The Trump administration has revised its controversial proposal to impose steep fees on China-built vessels, offering relief to U.S. exporters and port operators. Originally set to levy up to $1.5 million per port call, the new plan caps the fee at once per voyage, with a maximum of six charges per year. The update, posted in the Federal Register by the U.S. Trade Representative (USTR), reflects significant pushback from global maritime stakeholders concerned about soaring export costs and consumer prices.
Domestic vessel owners operating in the Great Lakes, the Caribbean, and U.S. territories are exempt from the fee, as are empty vessels arriving to load bulk exports like coal and grain. The revised rule also drops earlier provisions that would penalize fleets based on their number of Chinese-built ships or pending orders. Instead, bulk ships will be charged based on cargo weight, while container ships will pay fees based on the number of containers onboard. The exact fee amounts remain unspecified.

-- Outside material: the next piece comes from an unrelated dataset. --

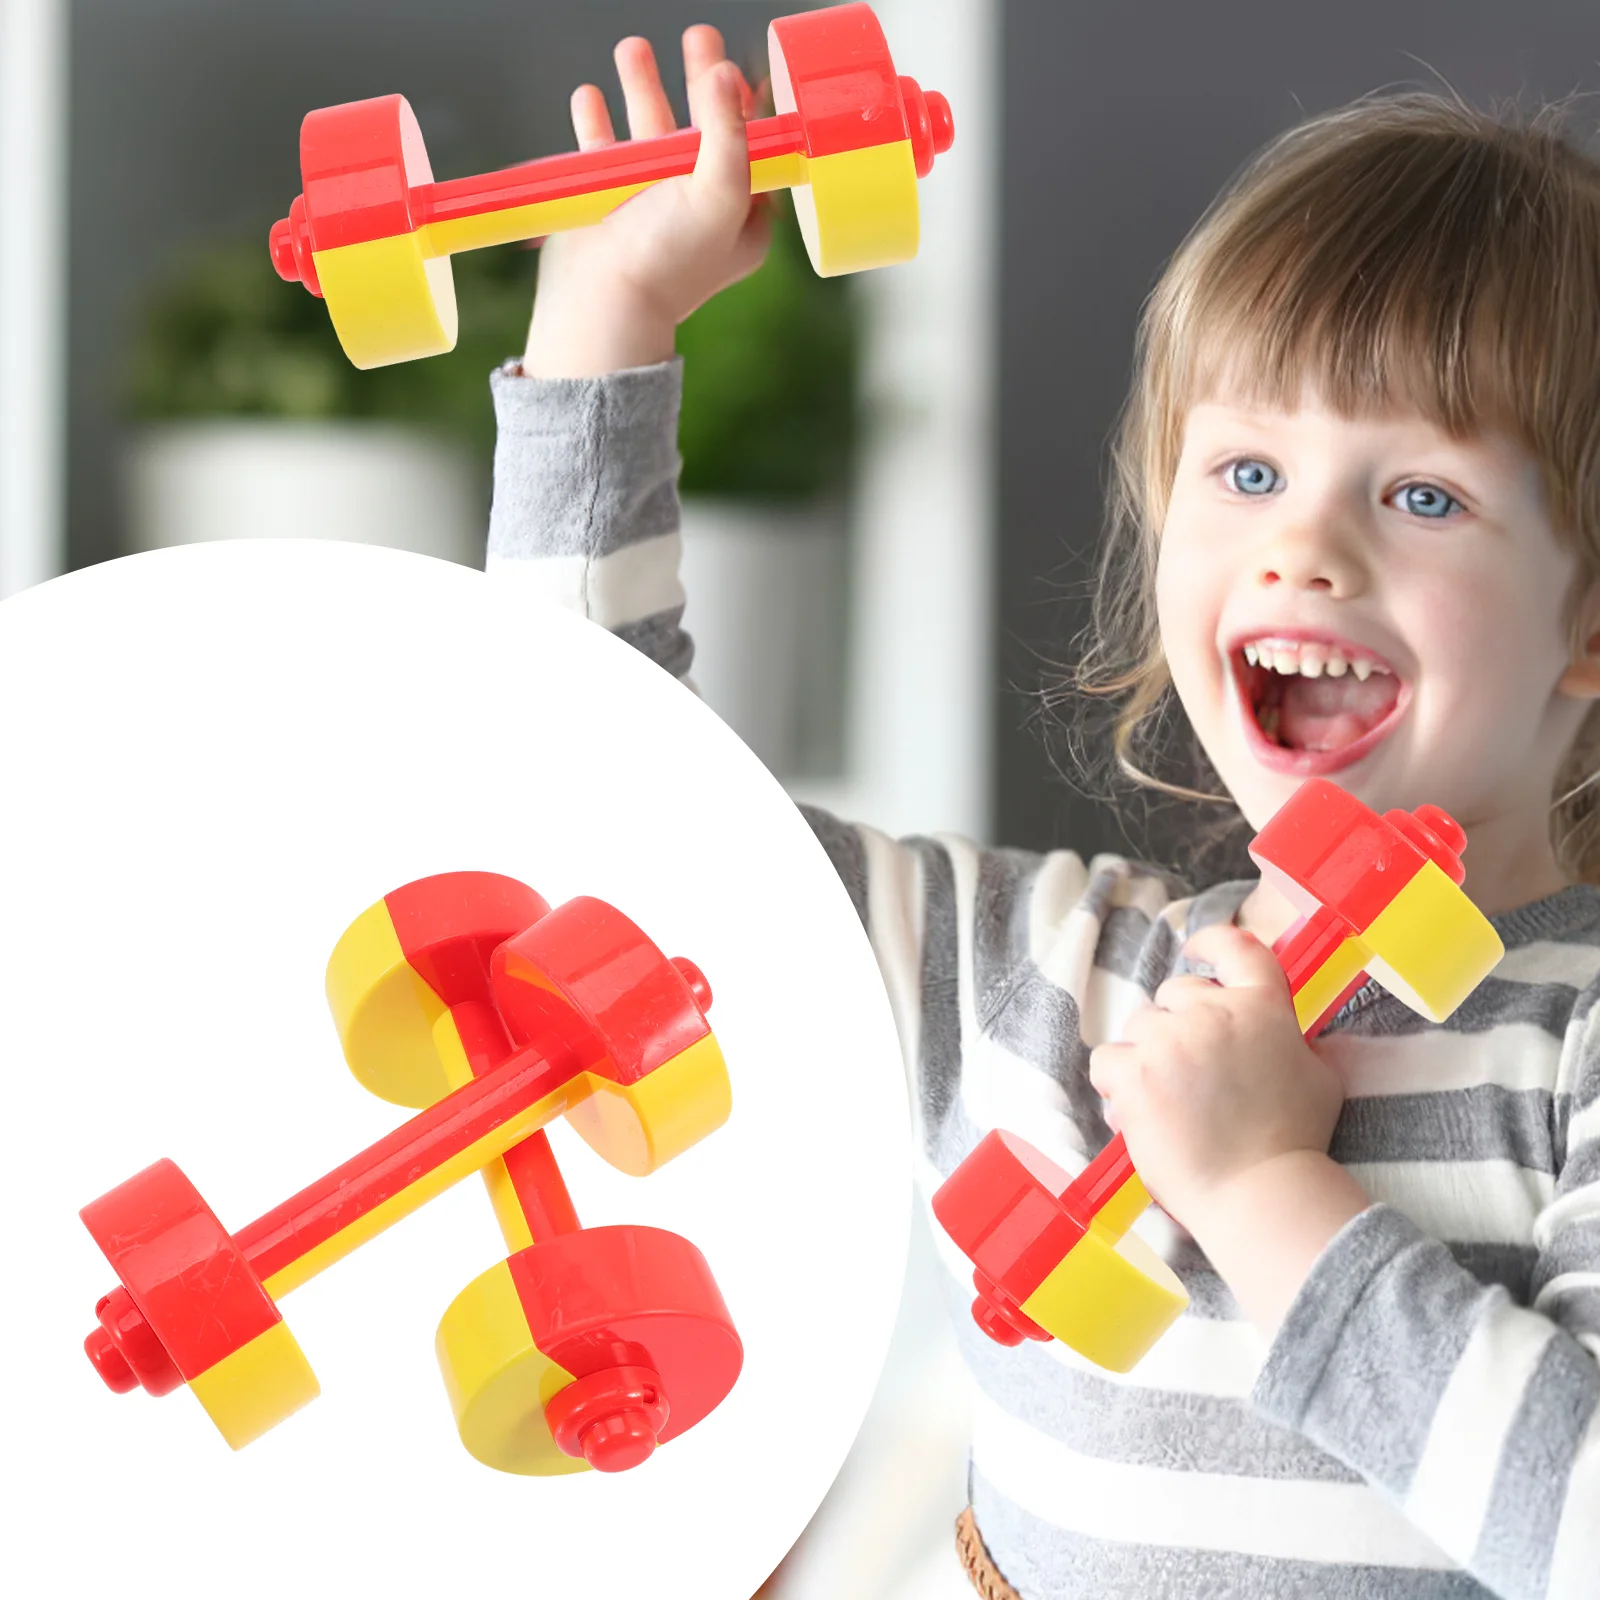 

2 Pcs Plastic Outdoor Playsets Children's Dumbbell Home Kids Sports Interactive Weights Abs Supply Toy Exercising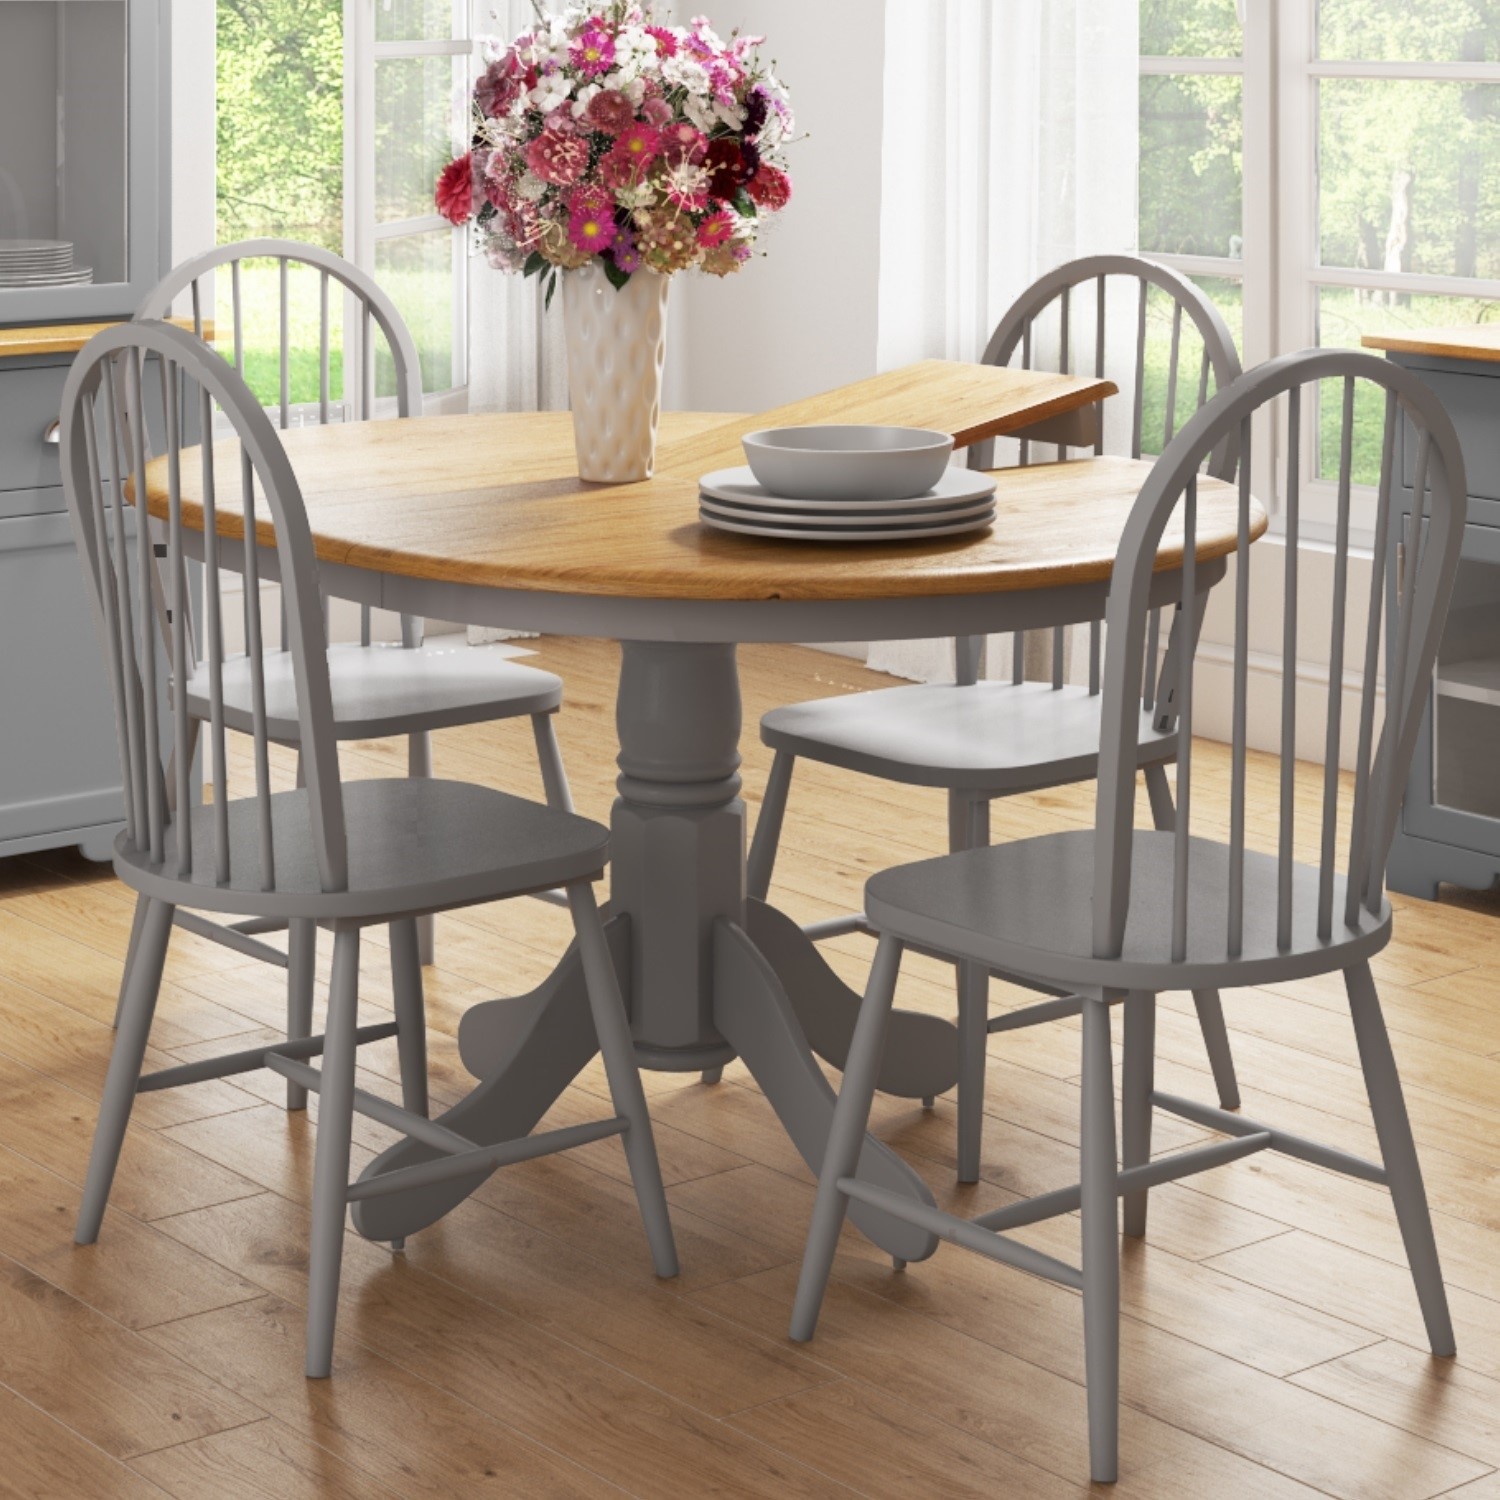 Round Extendable Dining Table Set With, Round Extendable Dining Room Table Sets

The fee rollout begins in six months, part of a broader U.S. strategy to revive domestic shipbuilding and counter China’s dominance in global shipping. The announcement coincides with the one-year mark of a USTR investigation that concluded China employs unfair trade practices in the maritime sector.
Industry leaders, including operators like MSC and Maersk, had warned the original plan would lead to cascading costs as cargo ships make multiple U.S. port calls per voyage. The backlash prompted the administration to reconsider its approach, balancing trade protection with economic impact.
The USTR will hold a hearing on May 19 to discuss further tariffs on Chinese-made port equipment, including cranes and container chassis, which may face 100% duties under a proposed expansion of trade measures.